** The data follows **
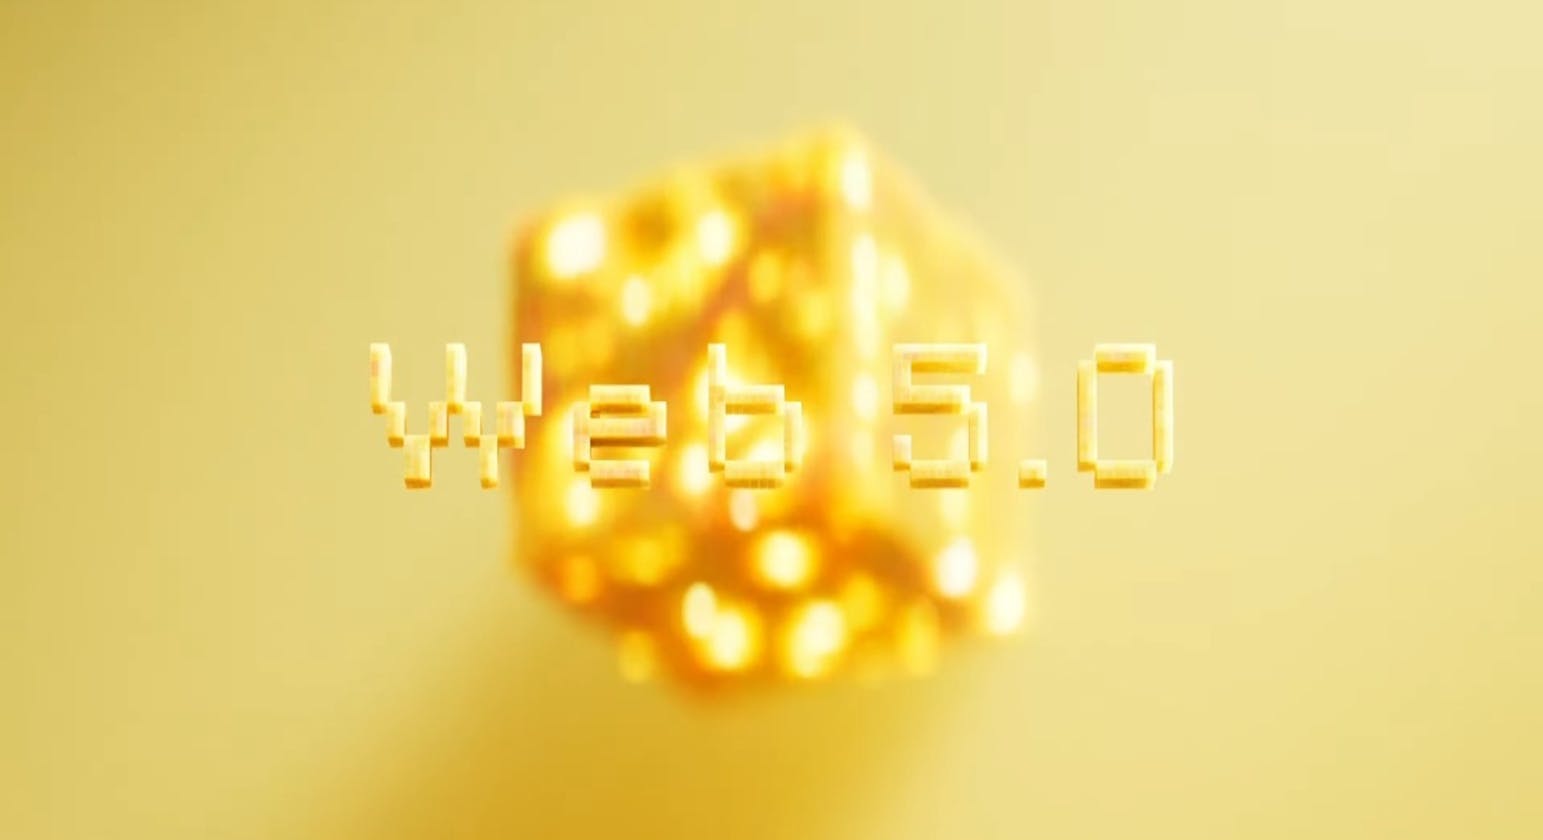 Ever heard of Web5?
Delve in, let's figure it out together.
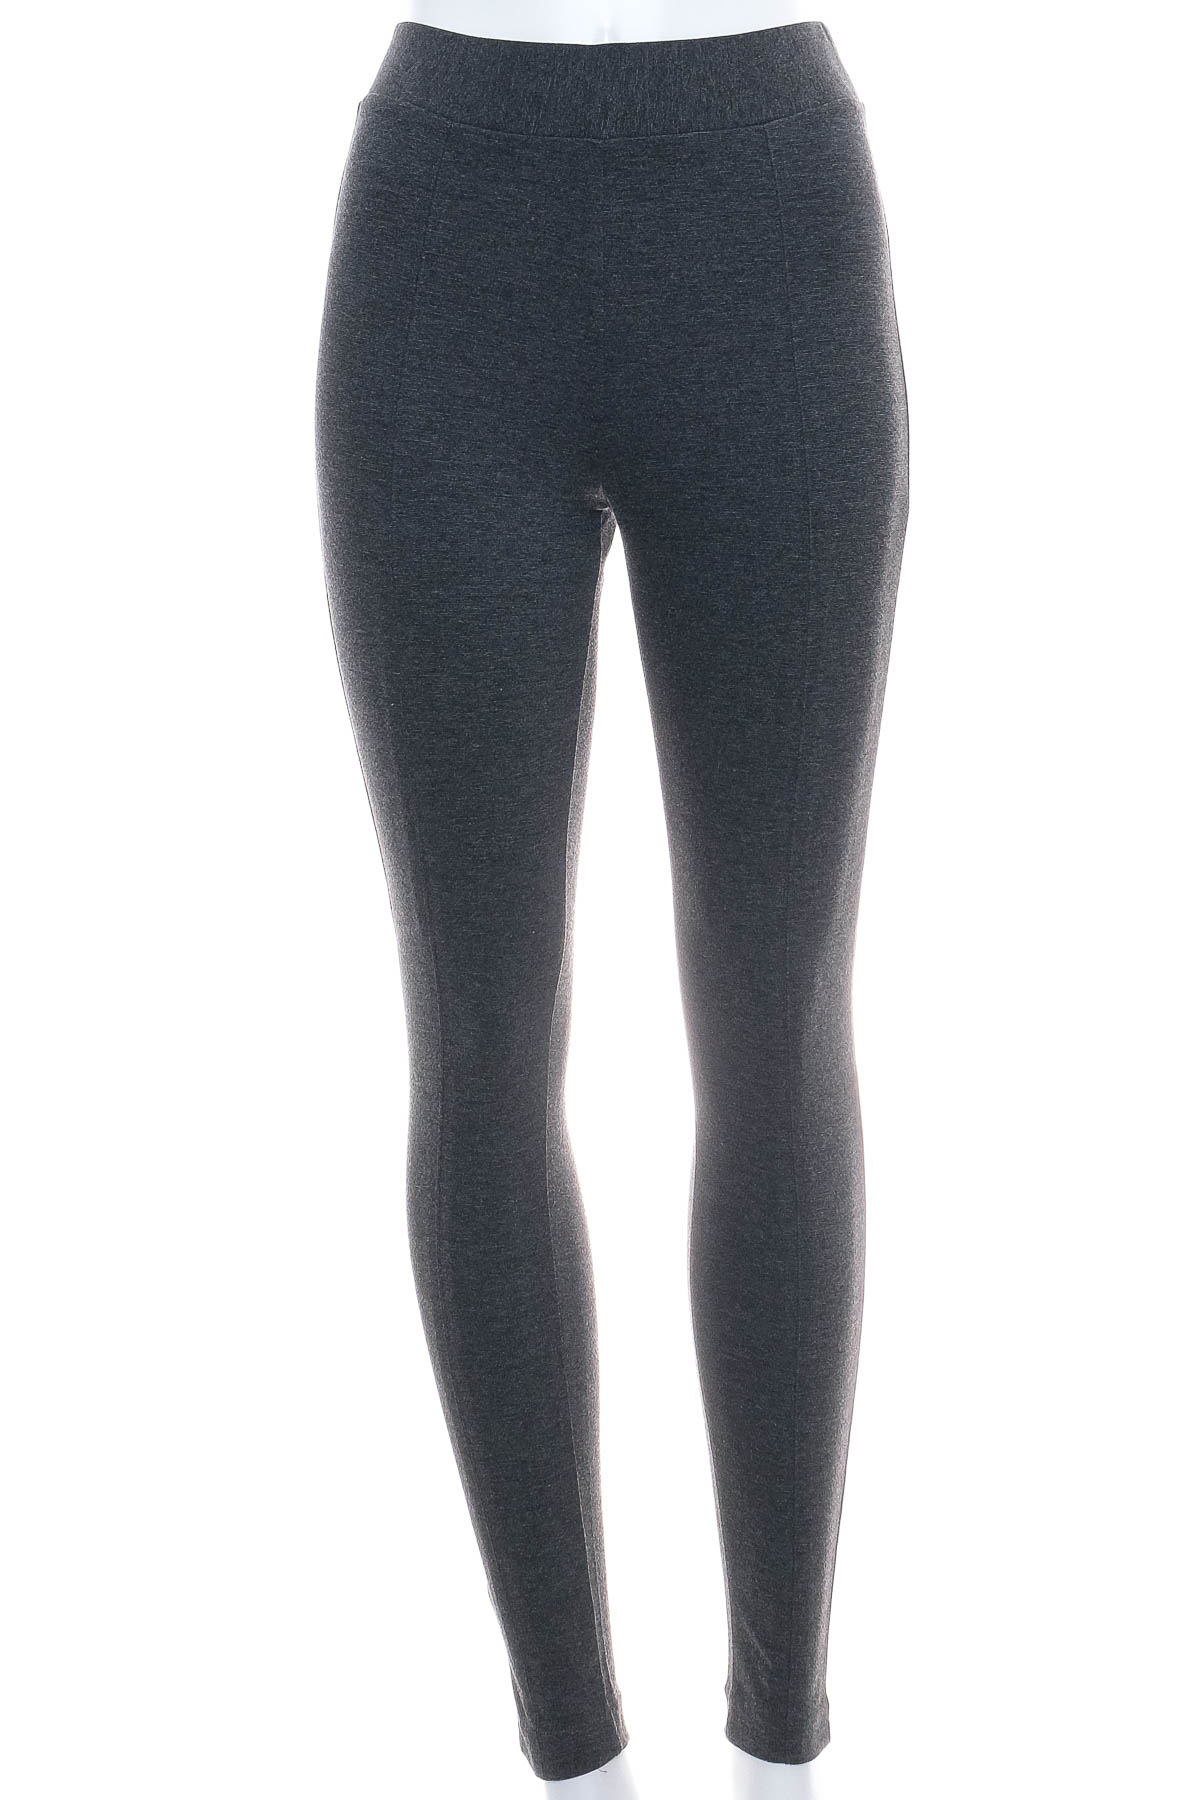 Leggings - M&S COLLECTION - 0
** End of The data **
■ **Instructions to follow**
Print only the lines running from the one containing "Delve in, let's figure it out together." to the end of the data above, exactly; include no pictures.

■ **Final answer**
Delve in, let's figure it out together.
 Leggings - M&S COLLECTION - 0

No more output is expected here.